Ferguson and Puar tackle and
criticize liberalism and specifically the ways in which it works, by seemingly
taking shapes of forms of protests that are instead completely included within the range and purview of liberalism, and its transformations (as in the case of neoliberalism).
Ferguson analyzes the
African-American situation of today under Foucauldian lenses and he reminds us
that “for Foucault, governmentality addresses the arrangement of things” and then
adds that “in the gendered and sexualized context of nineteenth-century African
American racial formations, governmentality was also about the production of
things: here governmentality concerns not only the state but labor and industry
as well. (p.95)” In particular he discusses how war and sexual normativity were
tools to draft African American into citizenship and humanity.
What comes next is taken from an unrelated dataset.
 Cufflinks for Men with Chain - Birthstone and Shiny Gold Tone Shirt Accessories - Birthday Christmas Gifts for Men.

He then posits that colonialism
never really left the American landscape and the American cities. So those
African-American social formations that wanted to be considered “elites” had to
learn normative conservative strategies that were built specifically to
regulate gender and sexual orientations and “imposing those tactics onto black
poor and working-class folks (p.98).”
So for Ferguson African Americans
were fundamental for the US state project of normalization. He connects capital,
the state, and normative discourses of heteropatriarchy. So basically the non-normativity
aspect is a part of a surplus population that capital requires, and that the
normativity has to keep restrained. So, in a Foucauldian manner, Ferguson discusses
how inclusion into normative discourses becomes a technique of discipline, that’s
why he is interested in politics of negation as a way forward, which attempts
to engage in heterogeneity as strength, and move away from static identity
constructions. I like his analysis of the connection between normativity and
state power and capital, even though I don’t think that governmentality is
labor and industry as well, but that the State plays a big role in regulating
those as well, precisely like Foucault suggested.
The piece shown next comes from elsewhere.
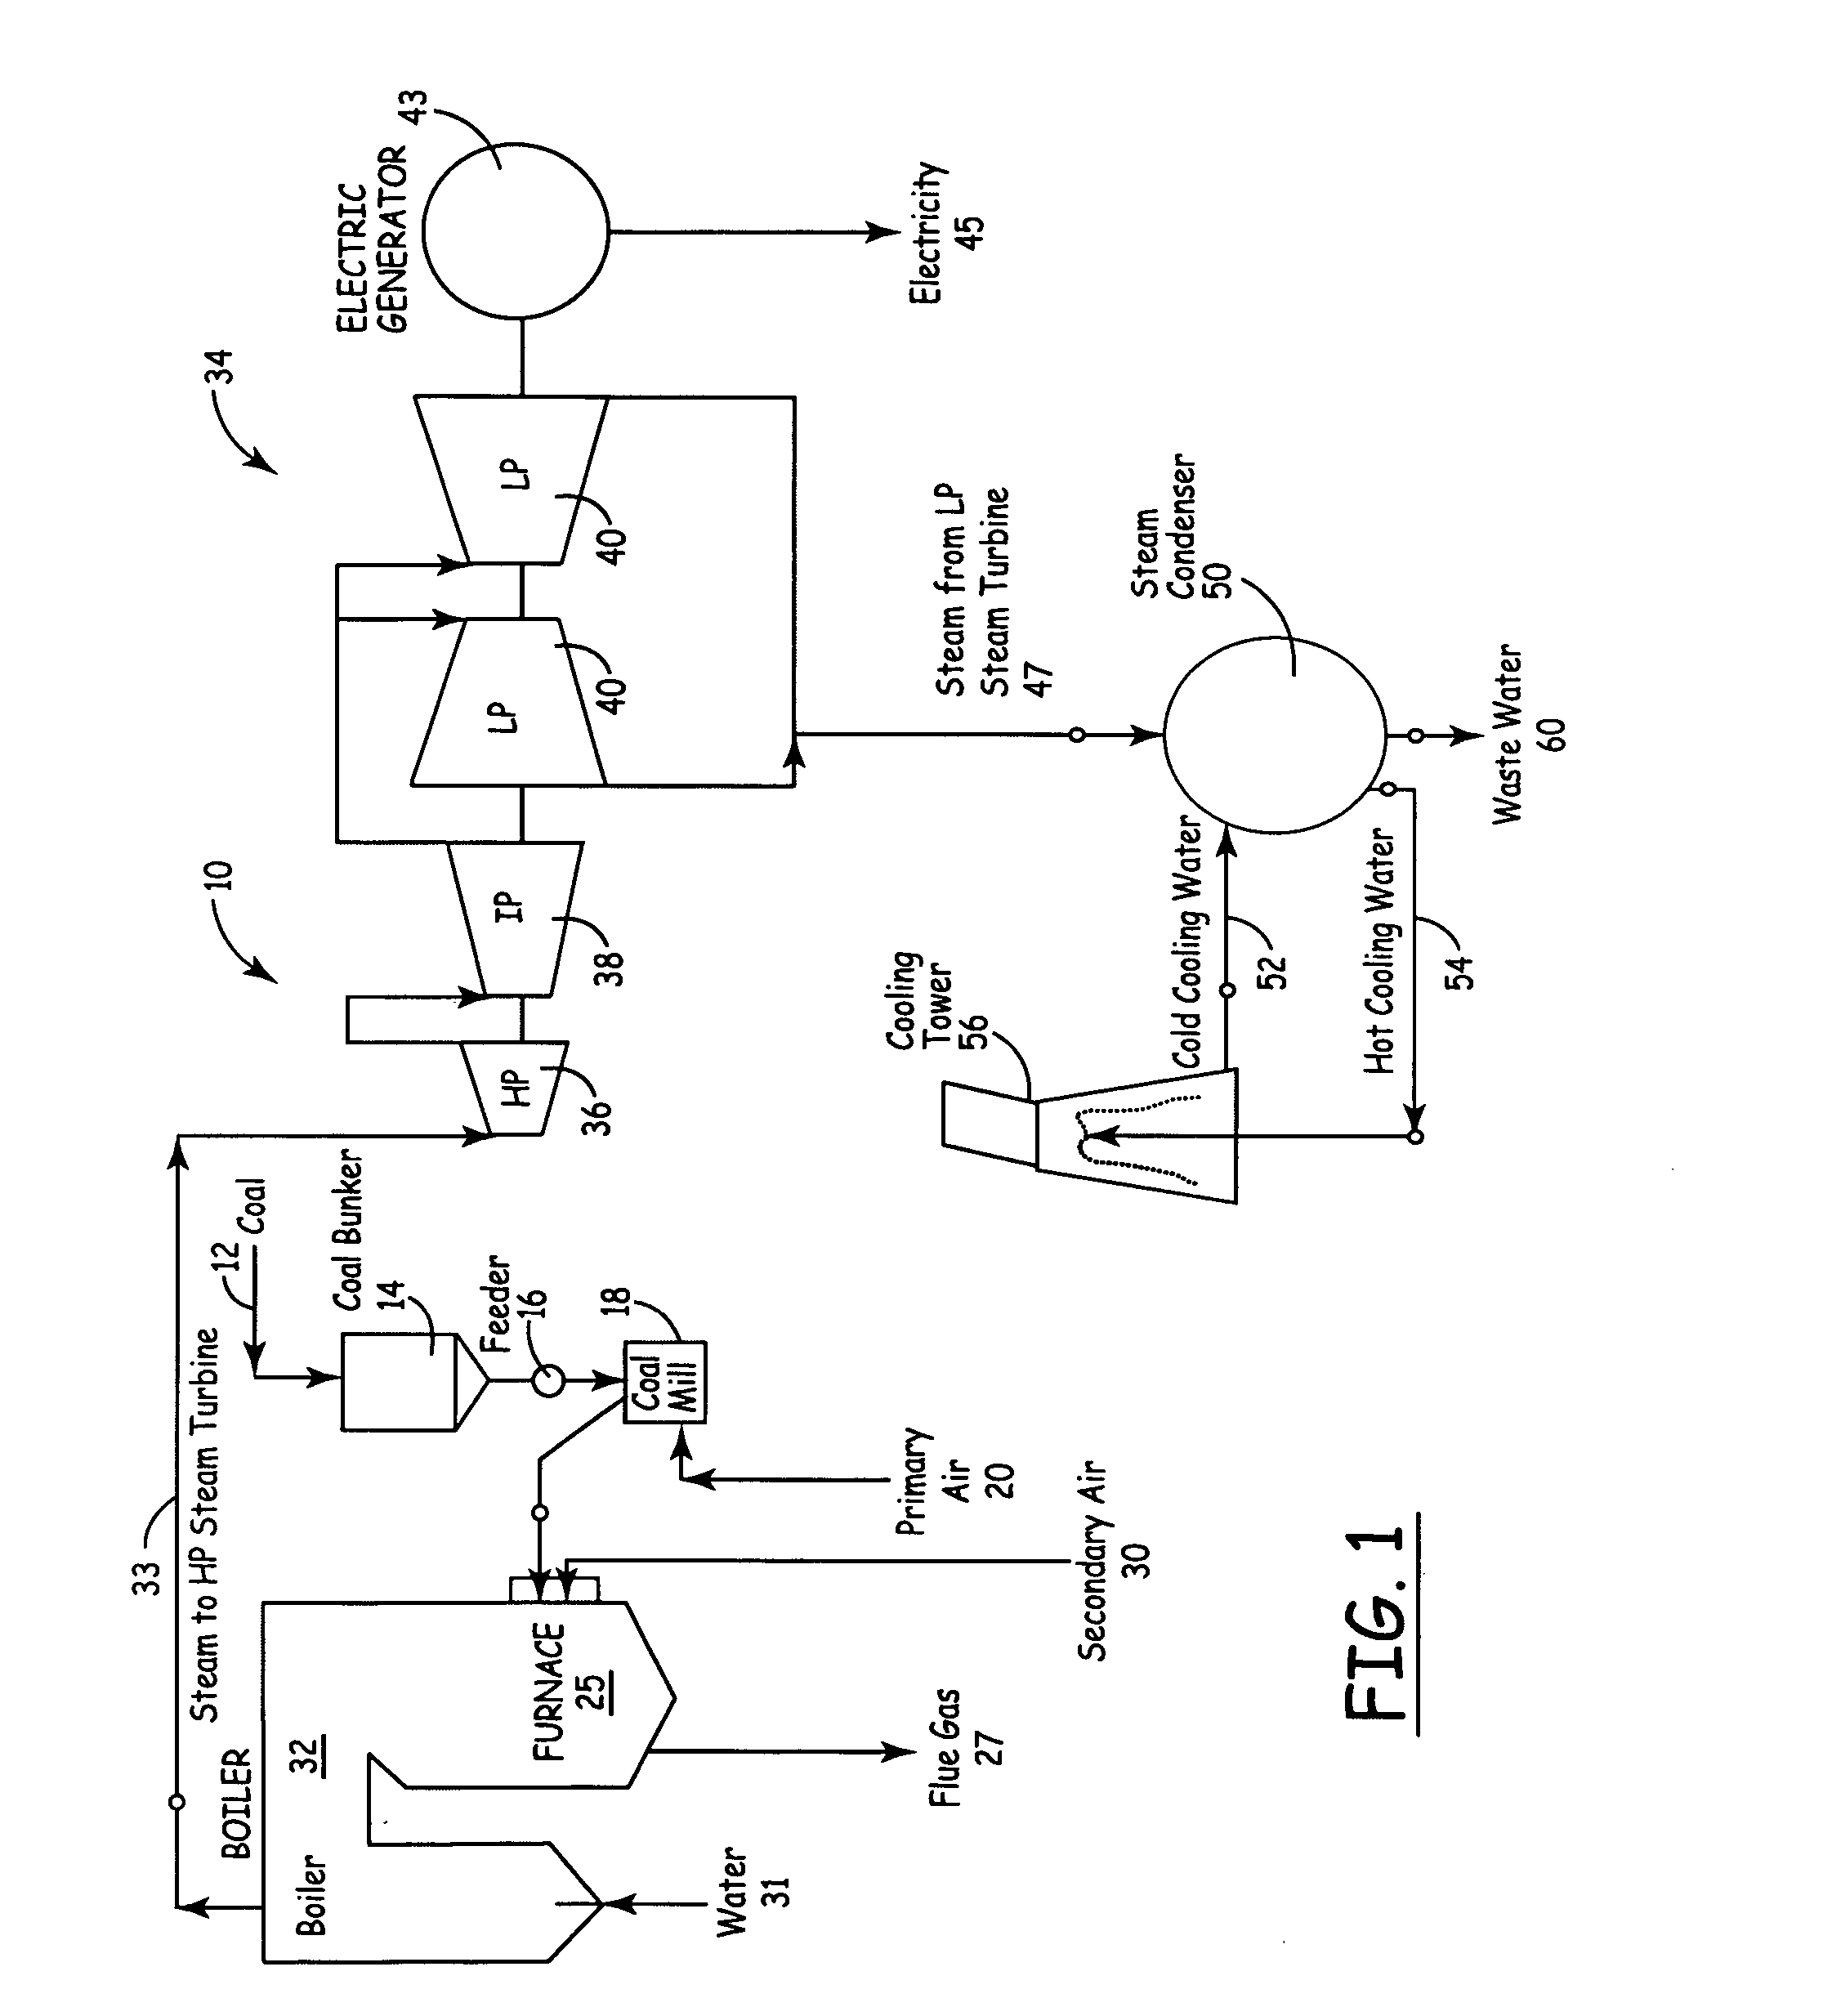 Apparatus for heat treatment of particulate materials

I think his piece ties in with Puar as
well. She writes about how US imperialism acts in contingent ways to create and
recreate assemblages that become gateways to embrace liberal queerness. Thus, she
tries to move beyond the fixed nature of identities to problematize how a body
works to enforce oppressions in order to escape its own (as in the case of
torture male Sikh body, for example). She argues that “Intersectionality
demands the knowing, naming, and thus stabilizing of identity across space and
time, generating narratives of progress that deny the fictive and performative
of identification: you become an identity, yes, but also timelessness works to
consolidate the fiction of a seamless stable identity in every space (p.128).”
In other words, identities work in a reified way when these are used as a
justification for imperialist purposes, and they become a “mantra of liberal multiculturalism.”
I think her critique of intersectionality is very
powerful if we use it to escape fixed notions of identities that tell a story
which has no hint of differance and
that might end up serving opposite causes and are used as “master” categories
in others’ struggles.
My questions for Puar:
How can we define bodies without dehumanizing the
people in question? How can overcome liberalism to find a real resistance that
is not just a rearticulation of oppression? Is the category of exploitation a
useful one if we think about relations of identities?